“Day Shift”, vampire horror perpetrated by the Netflix algorithm

Netflix can do it all. Producing some of the most interesting and even subversive adult and complex films of recent years. And also, to launch its pre-production algorithm, a factory of highly processed audiovisual content to end up creating some of the season’s most embarrassing nonsense, which also stars more or less fallen stars. The latest example of this hodgepodge of earlier bad ideas (calling them referees would be a compliment) is Day Shift, a vampire action comedy directed by newcomer JJ Perry and whose cast is commanded by a dejected Jamie Foxx.

With this series-ready behavior, it seems mandatory to (supposedly) start with a strong opening sequence that doesn’t force you to rethink, and therefore continue to track recreational food with the platform’s search engine.
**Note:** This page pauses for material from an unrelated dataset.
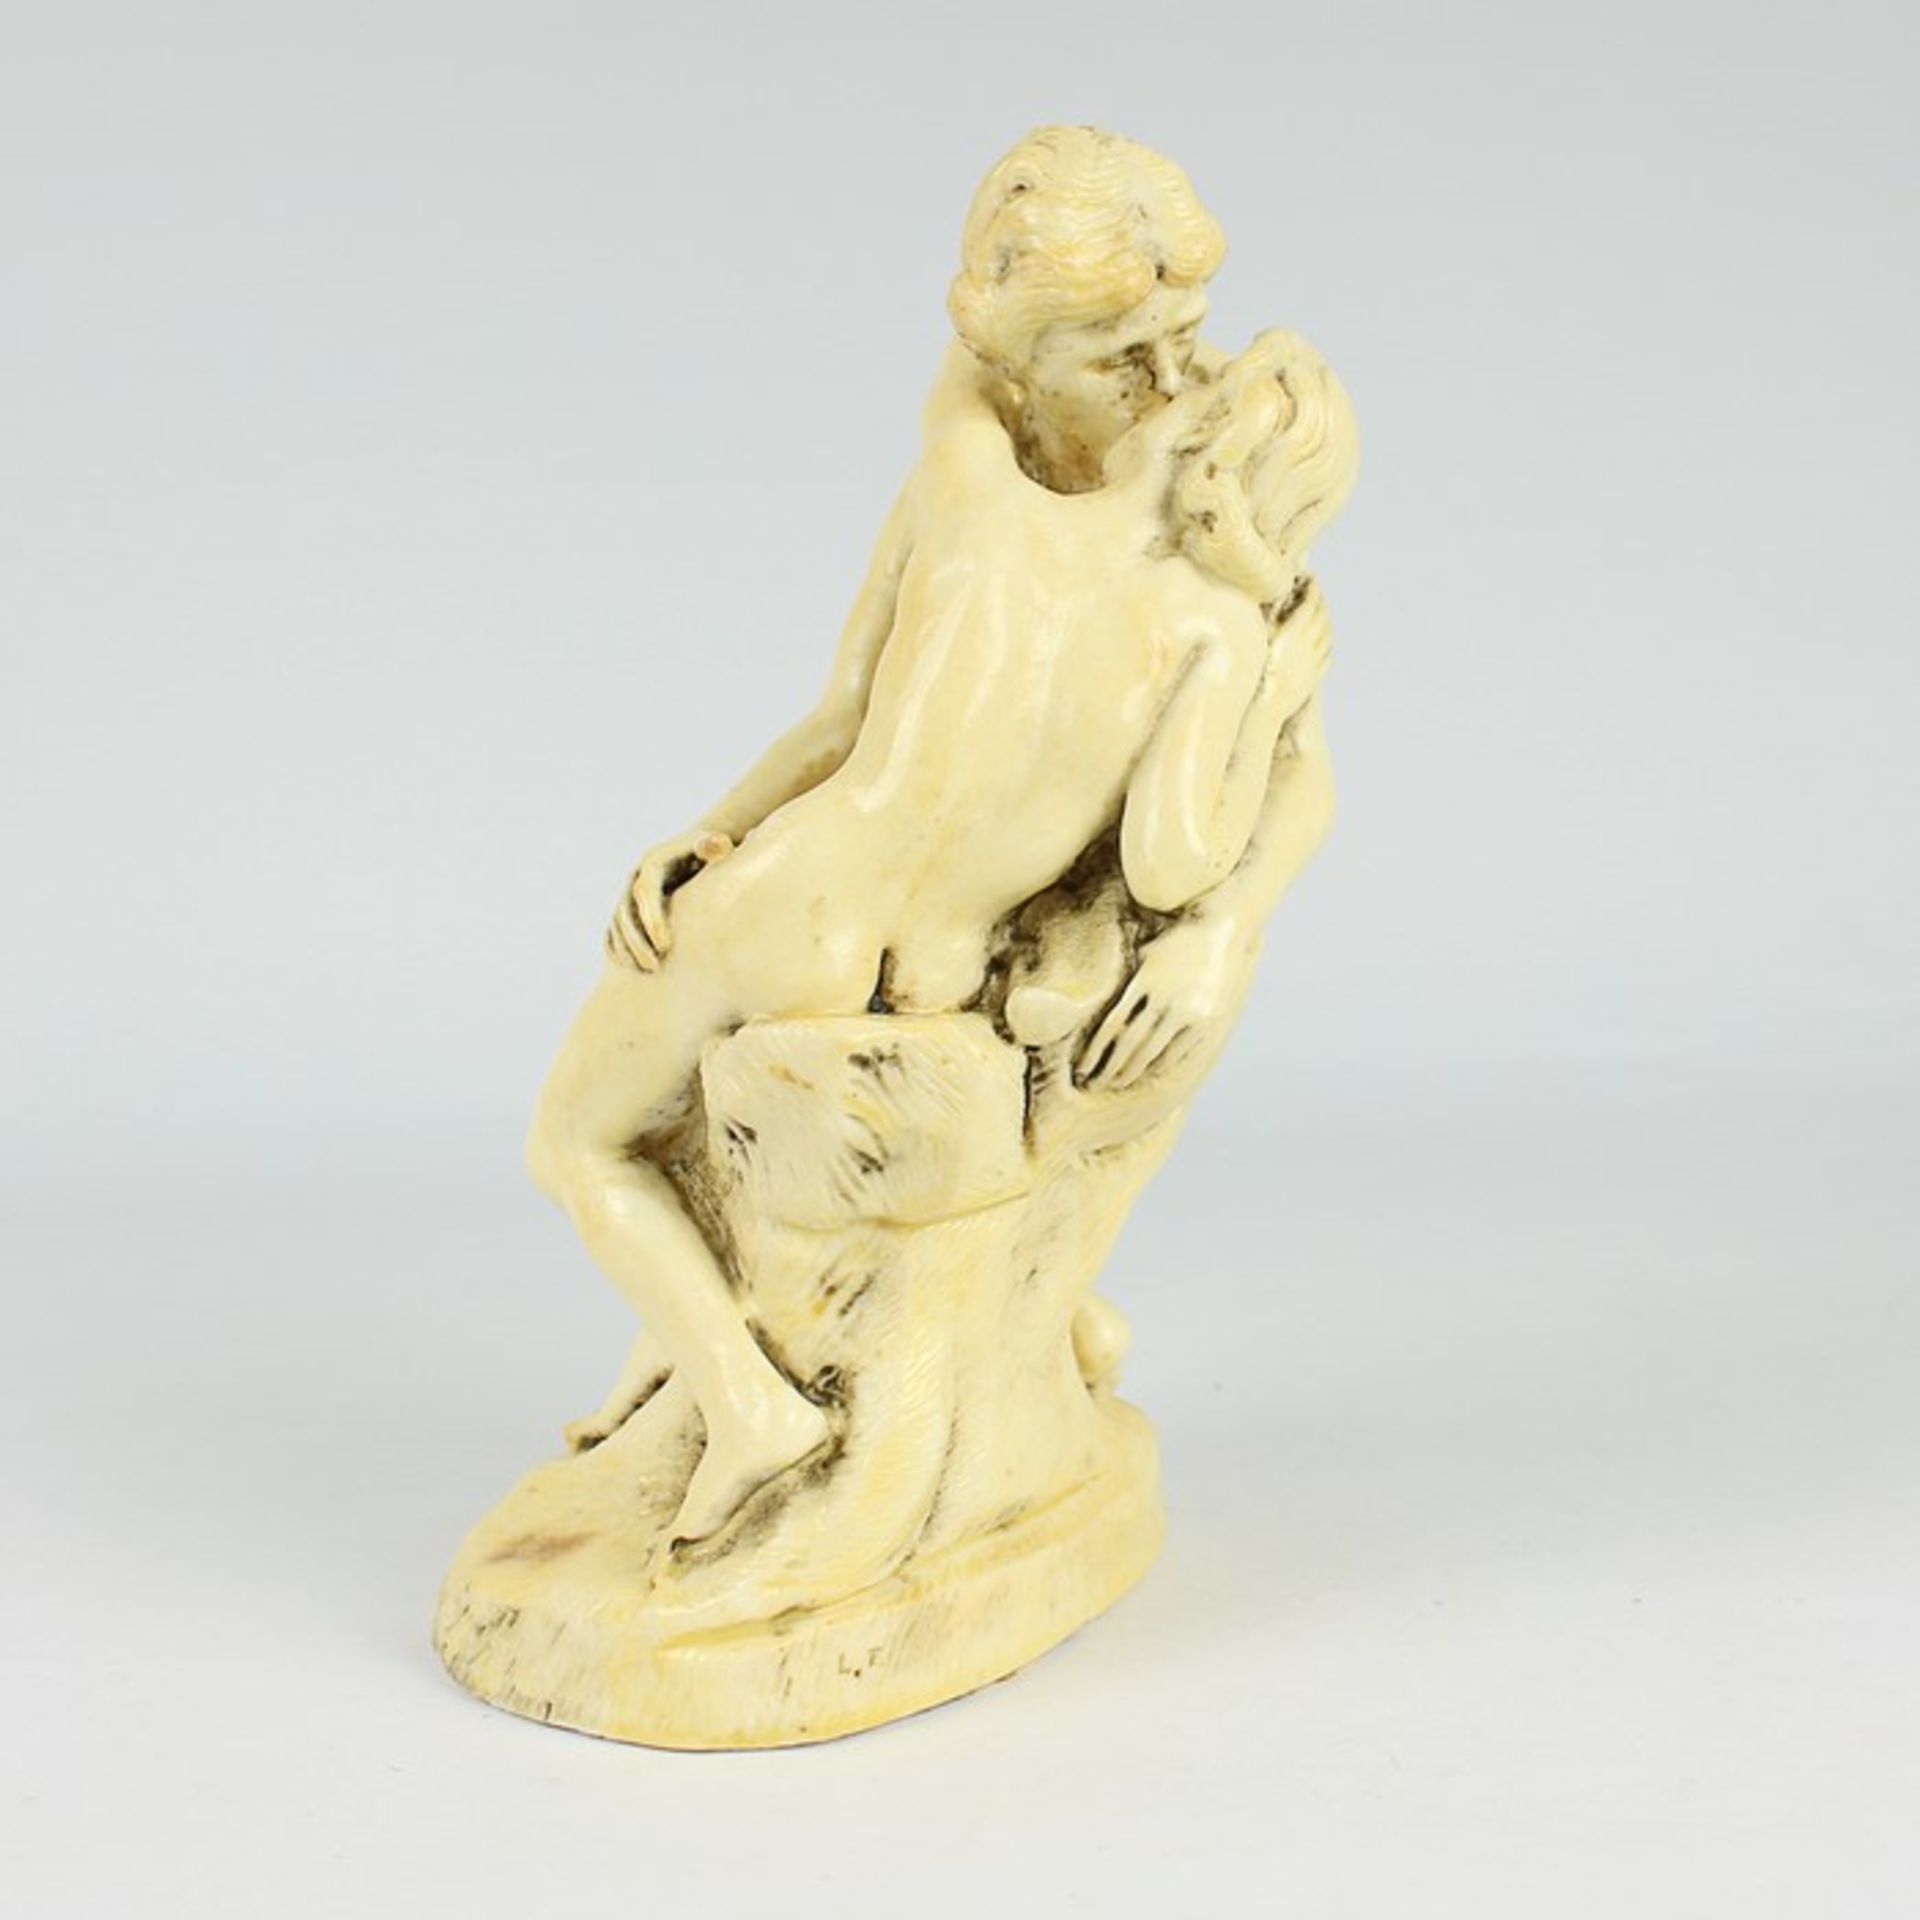 Figur20.Jh., Maße, gelblich lackiert, nach August Rodin "Der Kuss", vollplastische Figurengruppe - Bild 5 aus 6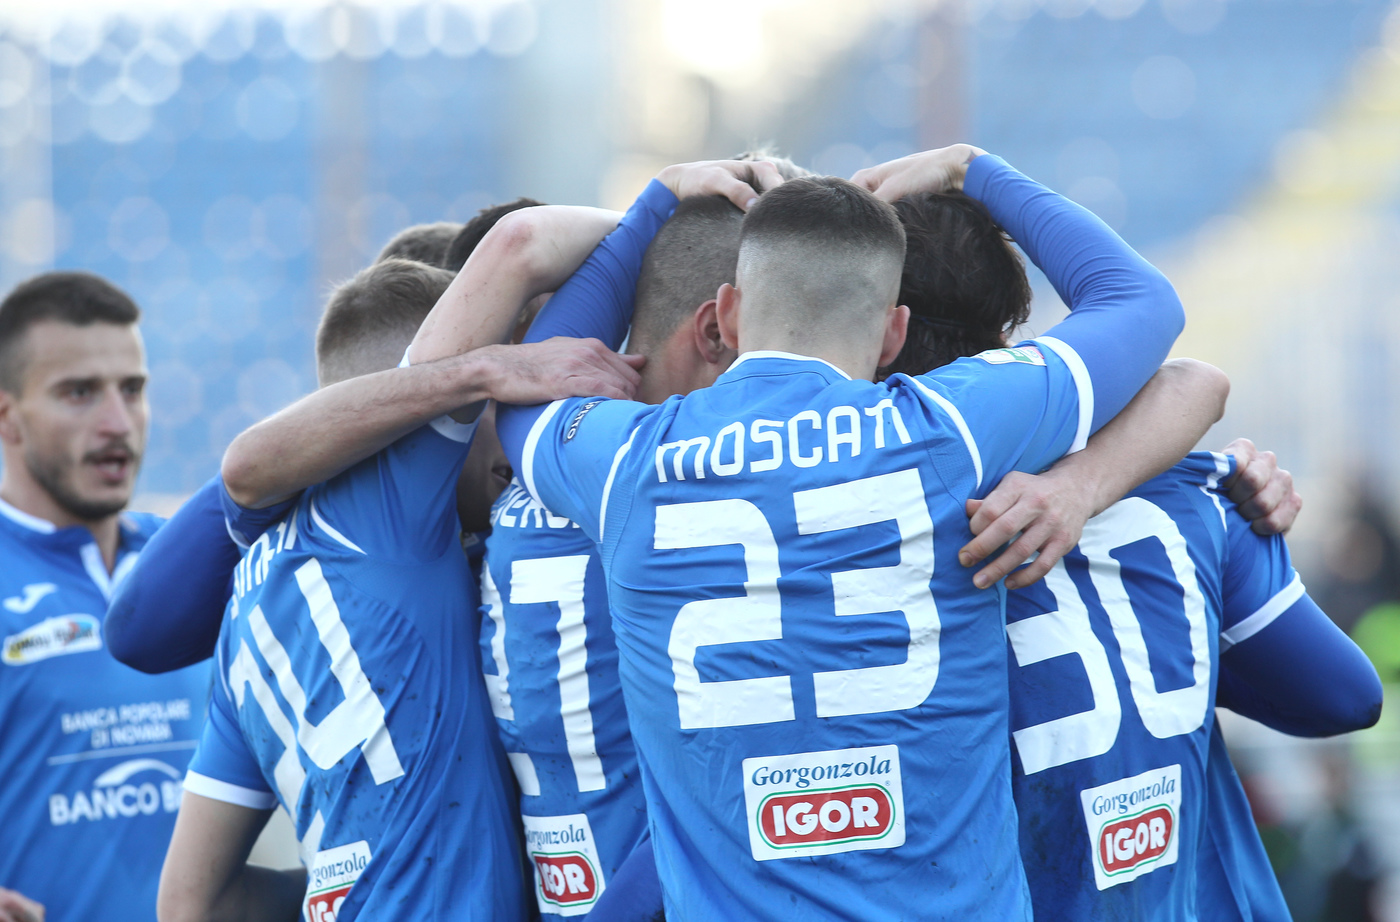 Alessandria-Novara 12 dicembre: match valido per il gruppo A della Serie C. Entrambe hanno bisogno di tornare ai 3 punti.

But in these early minutes, no matter how high they are in terms of sound, the inability of the architects can usually be guessed at. That’s what happens in Day Shift with the introduction of its main character: a pool cleaner from Los Angeles, a father of a separated family in the process of divorce who spends his days killing some beings who call themselves vampires but can resemble vampires, and you never know what your goal is. It sounds like bullshit, and it is, but sometimes goofy movies can have a refreshing sense of the Dionysian, and other times they can be just as stupid as they appear from afar.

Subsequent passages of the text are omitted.